女子张嘴想將此物吞入口中,面容上露出了几分噁心的表情,又拿去一旁,低声骂了句:“臭老鼠!不知道摸了多少次!”
她转身就走,不再留恋,身形直接遁入石室边缘。
李振义並未著急出手,而是跟在这女子背后,悄悄前行。
“阿妙,记住她的气味。”
“已经记住了喵!”
“嗯,”李振义应了声,“放长线钓鱼。”
女子土遁片刻,径直出现在了一座大宅的后院角落,自大地中跳了出来,低头走去了不远处的矮屋。
李振义又看了一阵。
这女子似乎是这个府邸的丫鬟。
这府邸的主人应该是个將军?主屋中掛著三副残破的鎧甲,象徵著主人家的地位,也代表著他曾身经百战。

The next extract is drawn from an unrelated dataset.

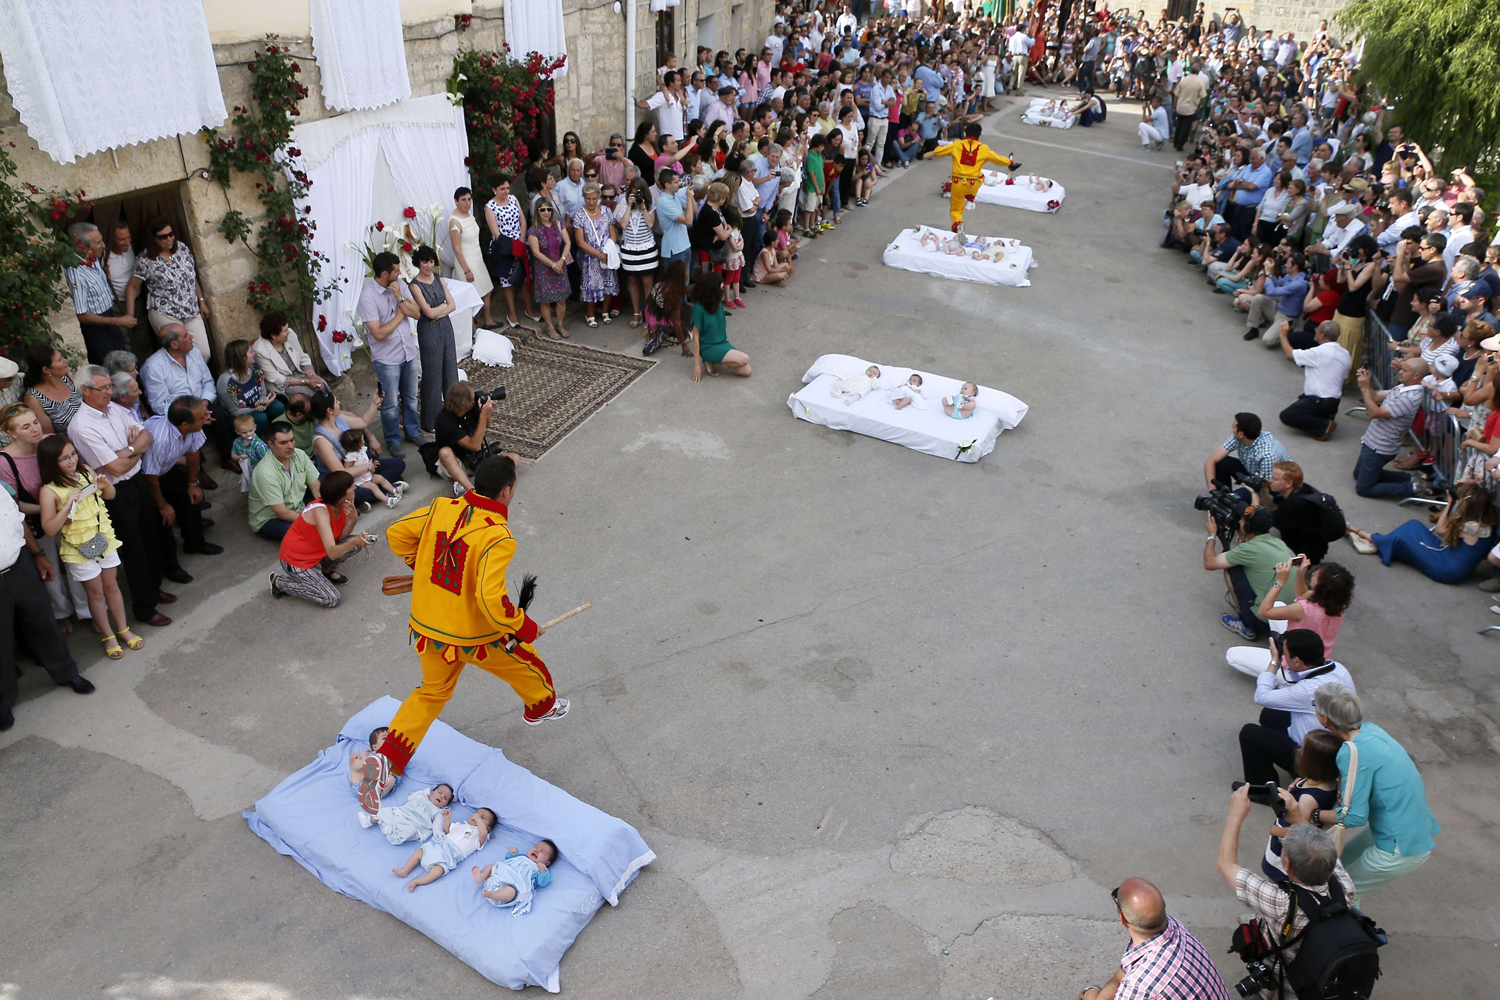 A man dressed up as the devil jumps over babies lying on a mattress in the street during 'El Colacho', the 'baby jumping festival' on June 22, 2014 in the village of Castrillo de Murcia, near Burgos, Spain.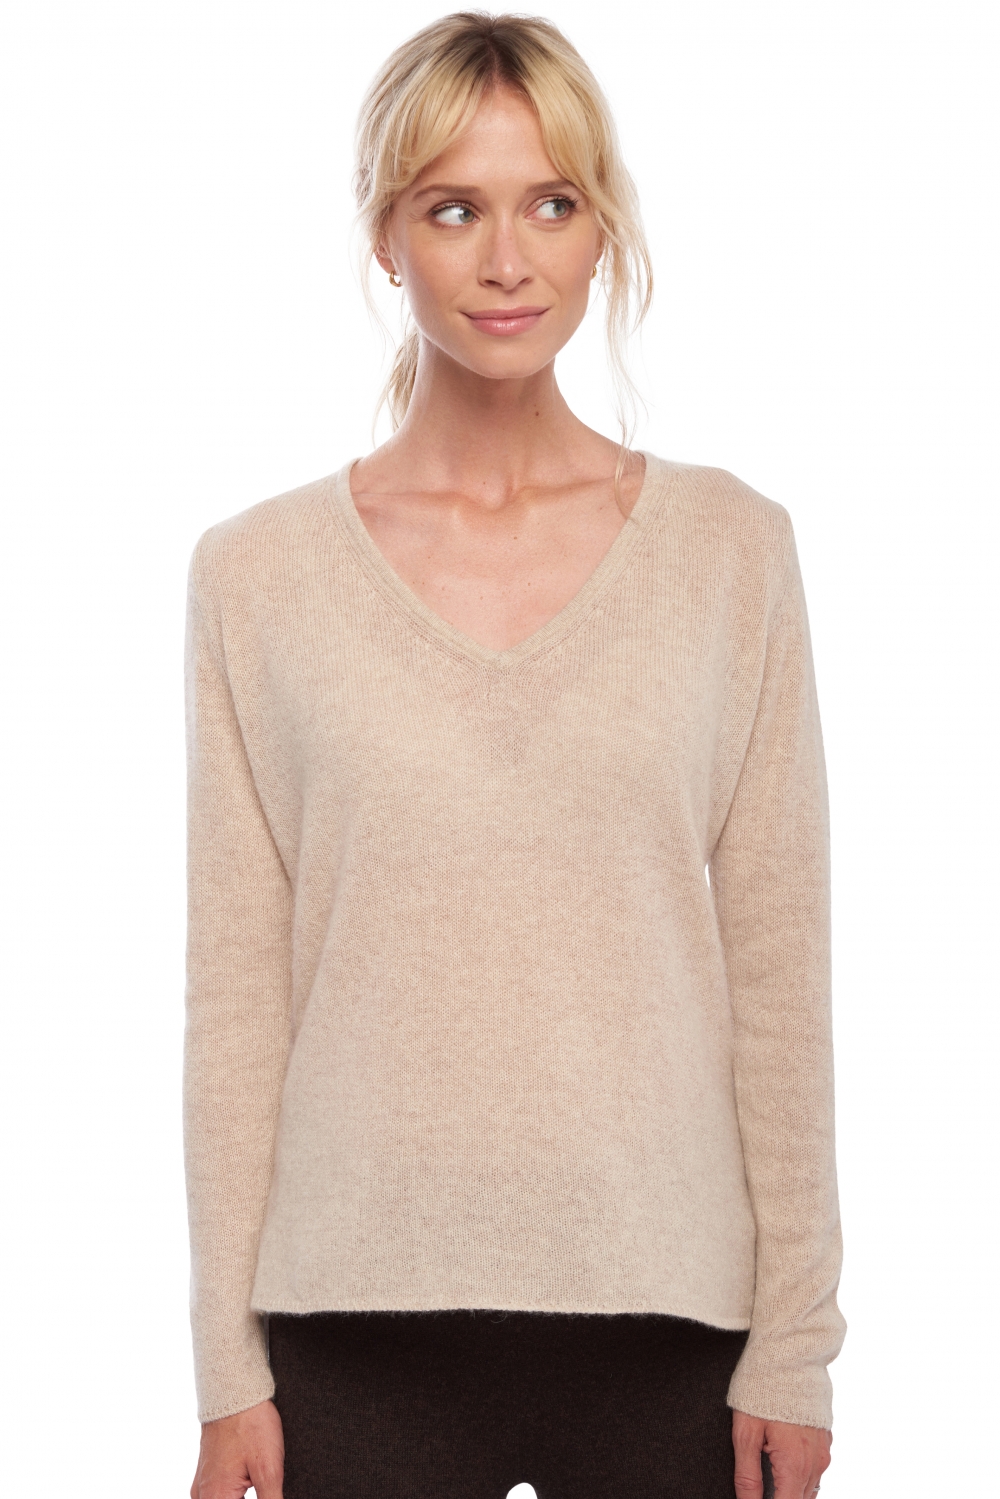 Cashmere ladies basic sweaters at low prices flavie natural beige l

確定这府邸,只藏了此丫鬟一个修行者,李振义也就没多停留,转身赶回伏妖司衙门。
伏妖司衙门有大阵护持。
李振义早早钻出大地,像是一名摸鱼的缉妖卫,背著手溜达回了衙门中。
那鼠人的审讯已告一段落,这傢伙都没被用刑,看到刑具就全招了。
李振义刚回来,苏鑫就传声让他去偏堂。
苏鑫、李淳风、马和尚,外加一位此前见过的朝堂大员虞世南,此刻正在那喝茶討论。
虞世南瞧著比之前年轻了十几岁,头髮也变得乌黑稠密。
李振义当初给的丹药,让这位老人有了更长的寿岁。
故,虞世南瞧见李振义过来,满是热络地起身招呼:“真意来了?快来快来,茶刚煮好。”
“虞阁老也在?”
李振义纳闷道:“这妖物这么大事吗?竟然惊动了伏妖司的主政。”
“可不敢称阁老,”虞世南含笑摇头,“是听闻真意来了,老夫如何能不现身?此前所赠丹药,已是救了老夫两次性命!”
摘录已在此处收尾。